Although PRS-enhanced classes have many benefits, it also poses challenges based on technology (broken remotes), the teacher (less experienced teachers cannot adjust to student feedback, they cover less course content if the PRSs are used, and it is time consuming to create the PRS questions) and the student (it is difficult to adapt to the new way of learning, discussion leads to confusion, more effort is needed, and they feel bad when they receive negative feedback). Research on the effect of PRSs has grown substantially in the 2000s, but this growth has not been evenly distributed across educational settings in developing countries. Kay and LeSage (2009) noted the lack of research outside of higher education settings and recommended that more research be performed to determine the impact of PRSs. This study was conducted to examine whether PRSs promote active learning in science courses in secondary education settings in Turkey.

PRSs are becoming very popular in education, and research has targeted their affective benefits, such as greater student engagement, increased student interest and heightened discussion and interactivity (Trees and Jackson, 2007; Fies and Marshall, 2006; Penuel, Boscardin, Masyn and Crawford, 2007). However, Gauci et.al (2009) argues that better learning outcomes result from changes in pedagogical focus from passive to active learning and not from the use of a specific technology. There are now numerous studies showing that deep and lasting learning is achieved when students actively engage with concepts they are learning and construct their own understanding (Cooperstein and Kocevar-Weidinger, 2004; Draper and Brown, 2004; Hinde and Hunt, 2006). Discussion, discourse, questioning and explaining are some of the activities that support active learning. In the current study, Technology-Enhanced Formative Evaluation (TEFA) (Beatty and Grace, 2009) was the pedagogical method used for teaching science with PRSs. TEFA has four principles:

· Question-driven instruction (Motivate and focus students with questioning)

· Dialogical discourse (Develop students’ understanding with dialogical discourse)

· Formative assessment (Inform and adjust teaching and learning decisions based on formative assessment)

· Meta-level communication (Help students develop higher-level skills and cooperate in the learning process)

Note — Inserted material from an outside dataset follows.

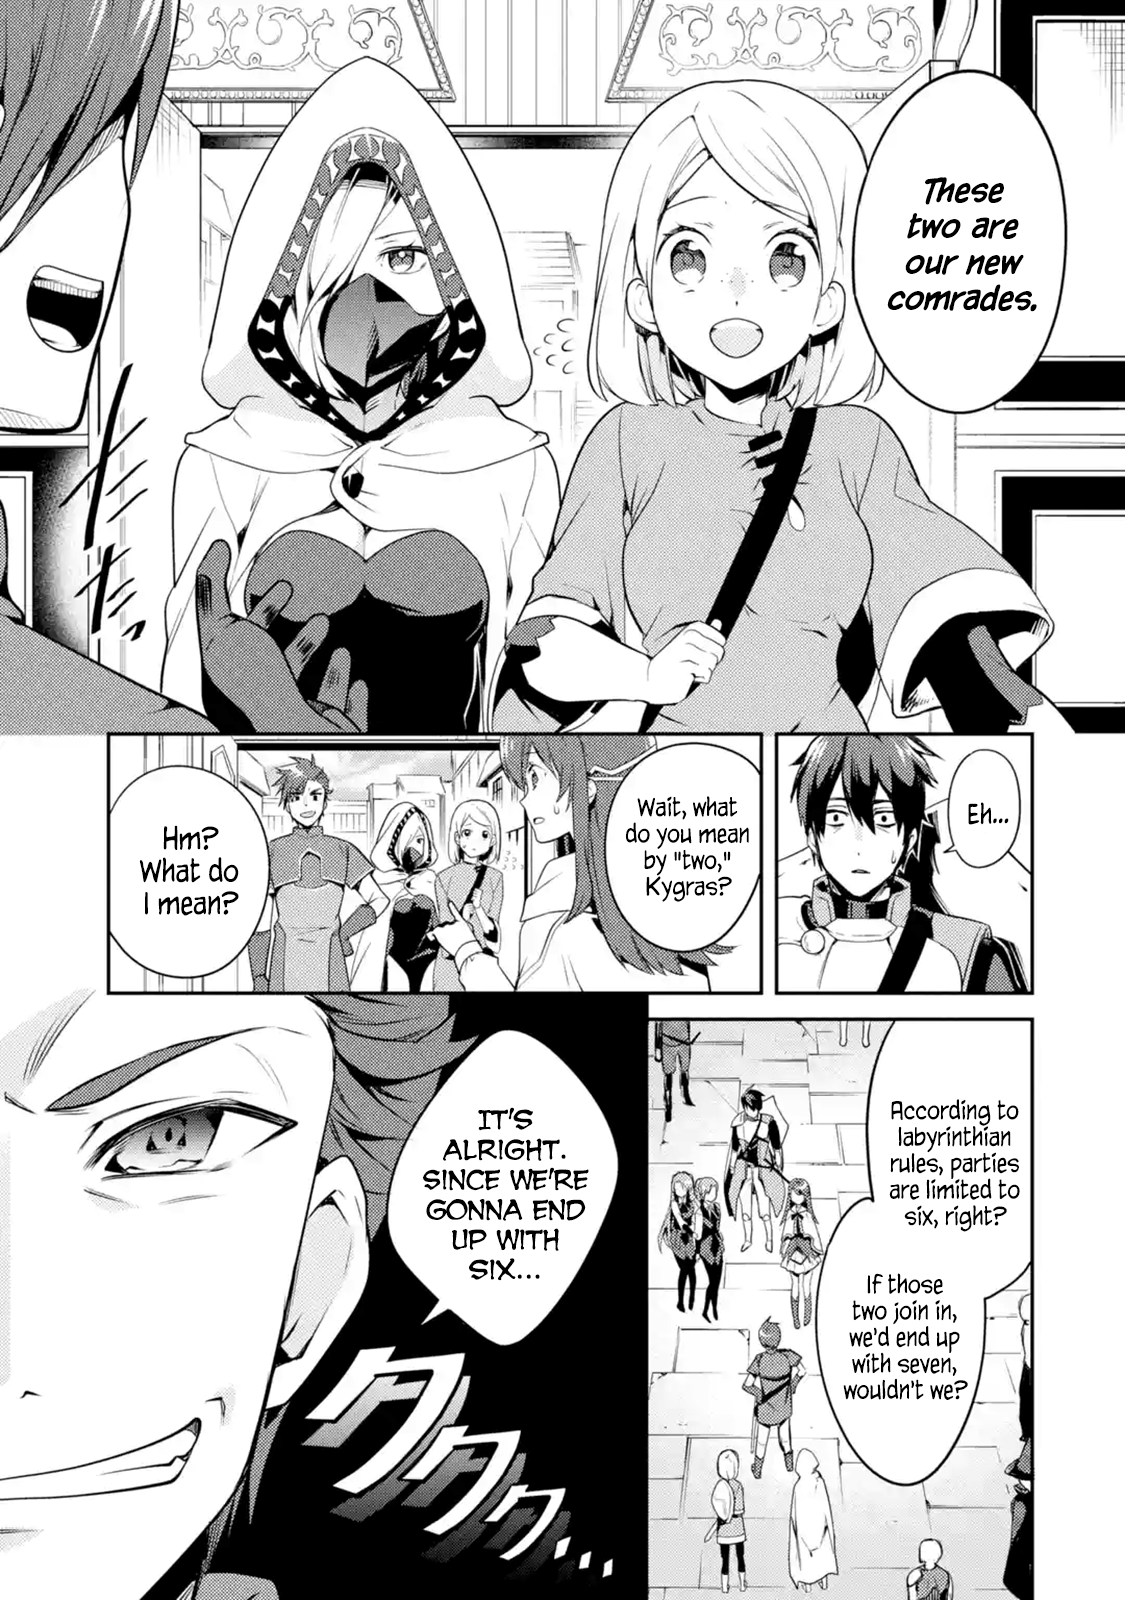 The Labyrinth Raids Of The Ultimate Tank ~The Tank Possessing A Rare 9,999 Endurance Skill Was Expelled From The Hero Party~ - Page 2

The benefits of active learning in education are widely recognized. Guthrie and Carlin (2004) state that 21st century students are primarily active learners and lecture courses may not be appropriate for their engagement. PRSs represent one of the powerful interactive technologies available in the classroom that can be used to promote active learning. Keyser (2000) discusses the importance of identifying objectives first and then appropriately incorporating active learning into lectures. By identifying the active learning objectives first, PRS questions can be integrated into the lecture without drastic changes.

Fitch (2004) provides a comprehensive literature review of both learner-centered and active learning studies and concludes, “there is convincing evidence that interactivity is a critical part of any technology based learning.” In the current study, the theory behind learner-centered and active learning environment is TEFA. Dufresne, Gerace, Leonard, Mestre, and Wenk (1996) developed pedagogy for the use of PRSs in formative evaluation, and Beatty and Grace (2006) elaborated that pedagogy for TEFA. In TEFA pedagogy, PRSs play an important supporting role. When the teacher presents questions, students discuss the questions with peers or think individually and report their answers using PRSs. After the histogram of responses is displayed, class-wide discussions occur as the teacher summarizes and explains the correct answer. Teachers should master different skills to use TEFA. Feldman and Capobianco (2008) worked with secondary physics teachers using PRSs for formative assessment and found that teachers need to learn skills in four areas to implement formative assessment with PRSs: using PRS hardware and software, creating formative assessment items, leading productive class discussion and integrating TEFA in their larger curricula. Two teachers who were experienced with using PRSs in science classes were included in the current study. Science class is a core class throughout compulsory education in Turkey. Thus, engaging students in science classes can be a challenge. In traditional lecture classes, students passively take notes and struggle to keep their attention focused until the end of the class. Students often feel that they are the only ones who do not understand the material and are afraid of asking questions. In addition, students regularly comment that class lectures are boring and that they have little opportunity for interaction. Students say that it is not the teachers’ fault; rather, it is the material being presented. To make classes more learner-centered, interactive and fun to keep students engaged with the material being presented, PRSs were used in some of the classes. The currently available studies have only compared the use of PRSs to traditional lecture methods. In the current study, the use of PRSs is compared with another active learning method, class-wide discussion.

RESEARCH METHODOLOGY

Participants and Procedure

The participants included 61 secondary school students (32 female and 29 male) in two sections of a science class. The students were between 12 and 13 years old. Drawing on the work of Dufresne, Gerace, Leonard, Mestre, and Wenk (1996), class-wide discussion was integrated into one of the sections, while PRSs used in the other section (Table 1).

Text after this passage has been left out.